> [What you need to do]: Only these lines of the data below are wanted: the one with "BGMに最適なエレクトロの再生済みの波形", the one with "Country Mile-a-Minute Afghans", and any lines between them, each repeated exactly.

> [Available data]:
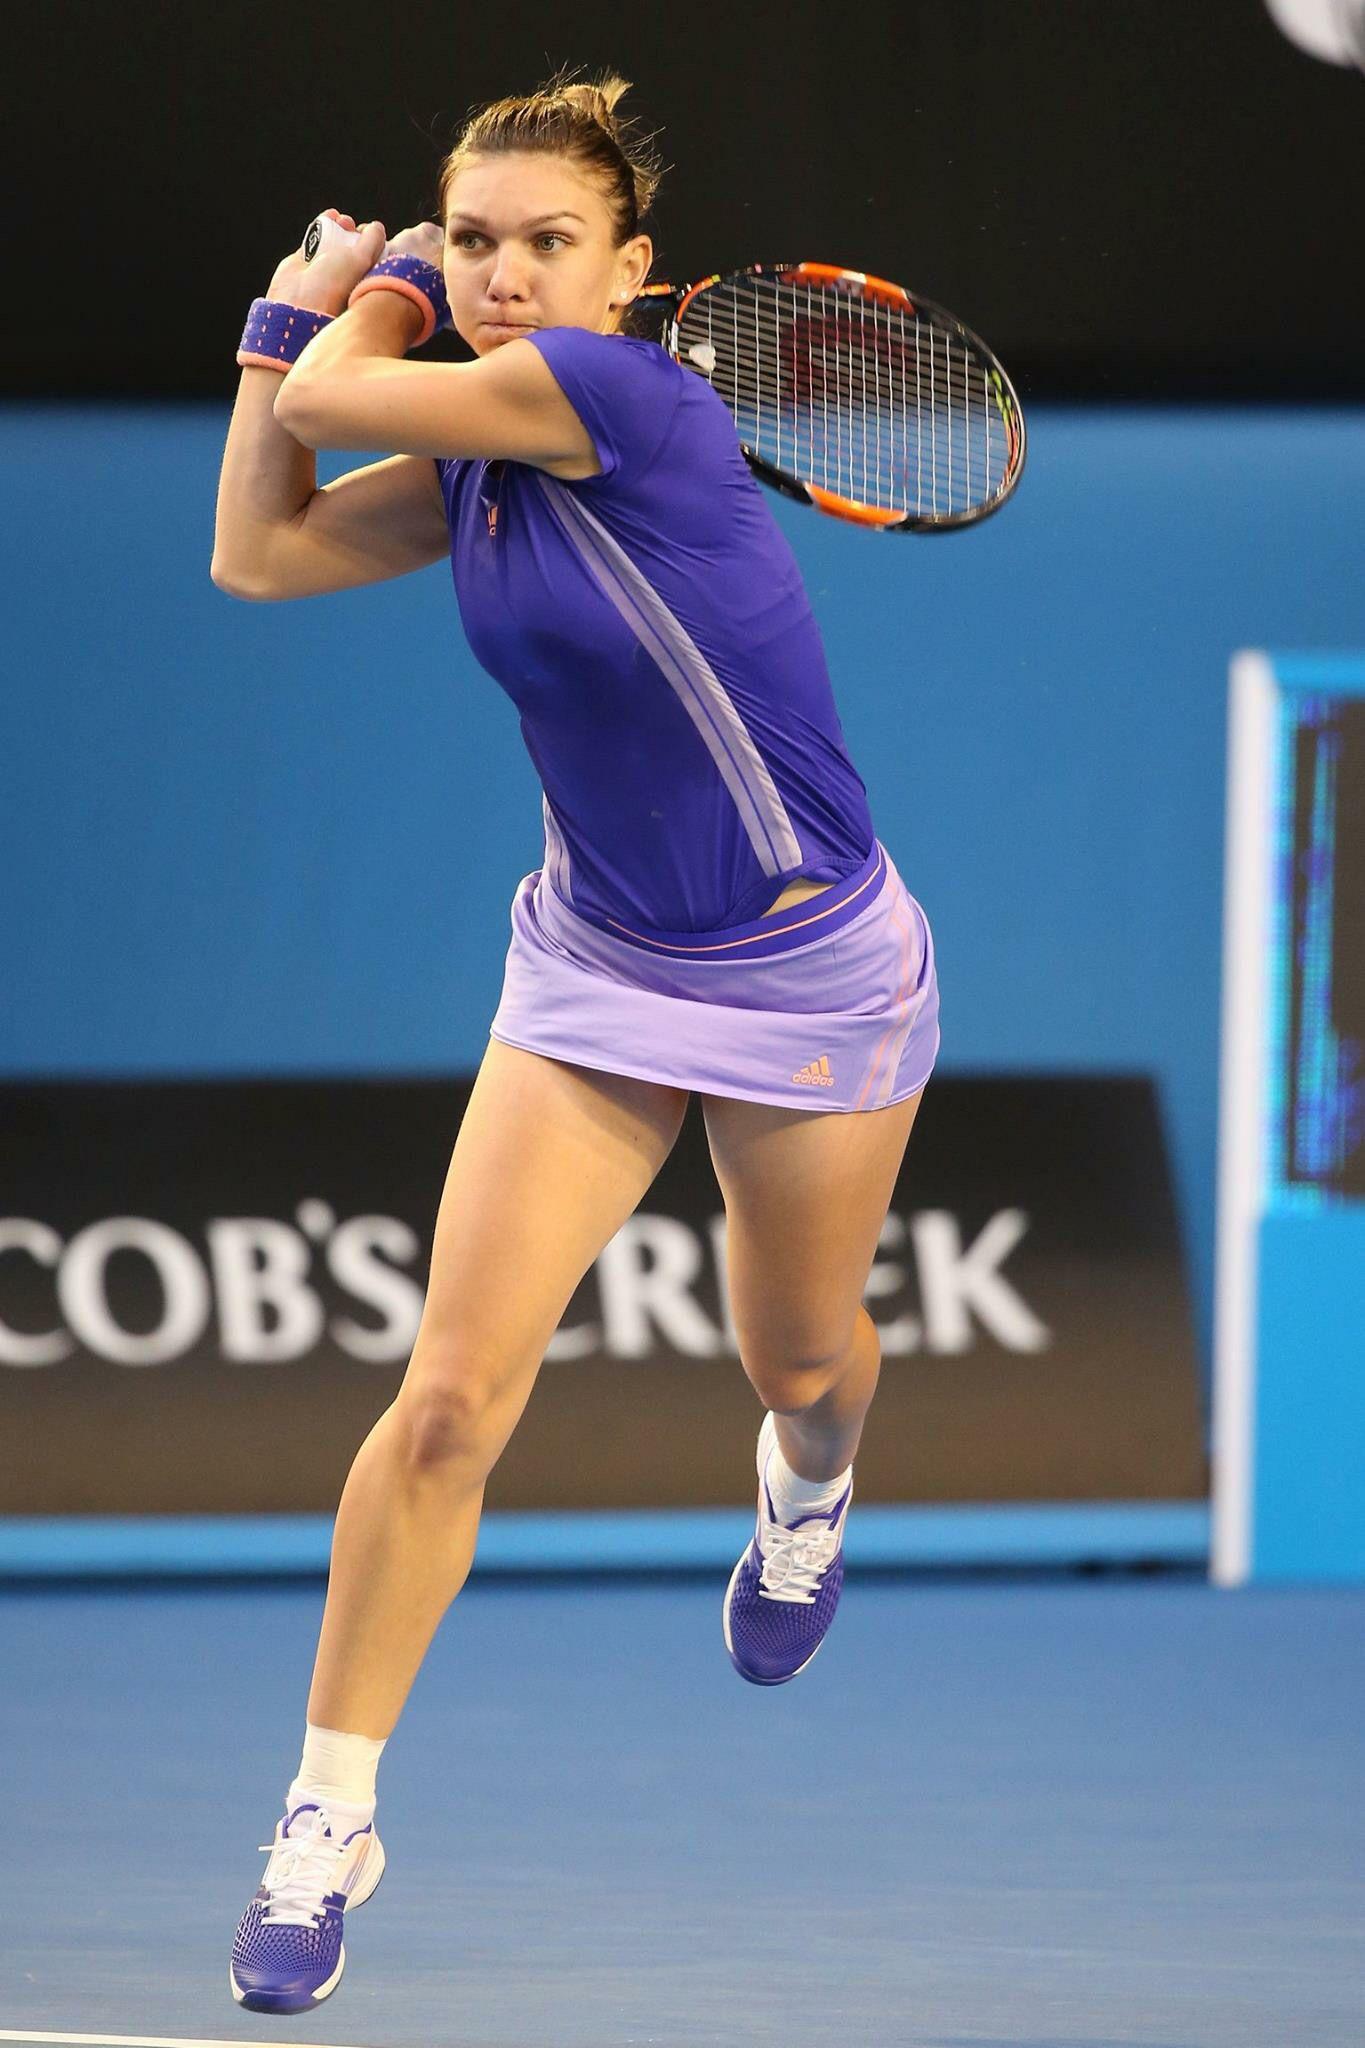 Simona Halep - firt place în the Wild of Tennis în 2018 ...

...

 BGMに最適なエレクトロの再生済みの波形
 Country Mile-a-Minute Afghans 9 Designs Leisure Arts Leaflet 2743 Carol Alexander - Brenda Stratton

> [Reply to the exercise]:
 BGMに最適なエレクトロの再生済みの波形
 Country Mile-a-Minute Afghans 9 Designs Leisure Arts Leaflet 2743 Carol Alexander - Brenda Stratton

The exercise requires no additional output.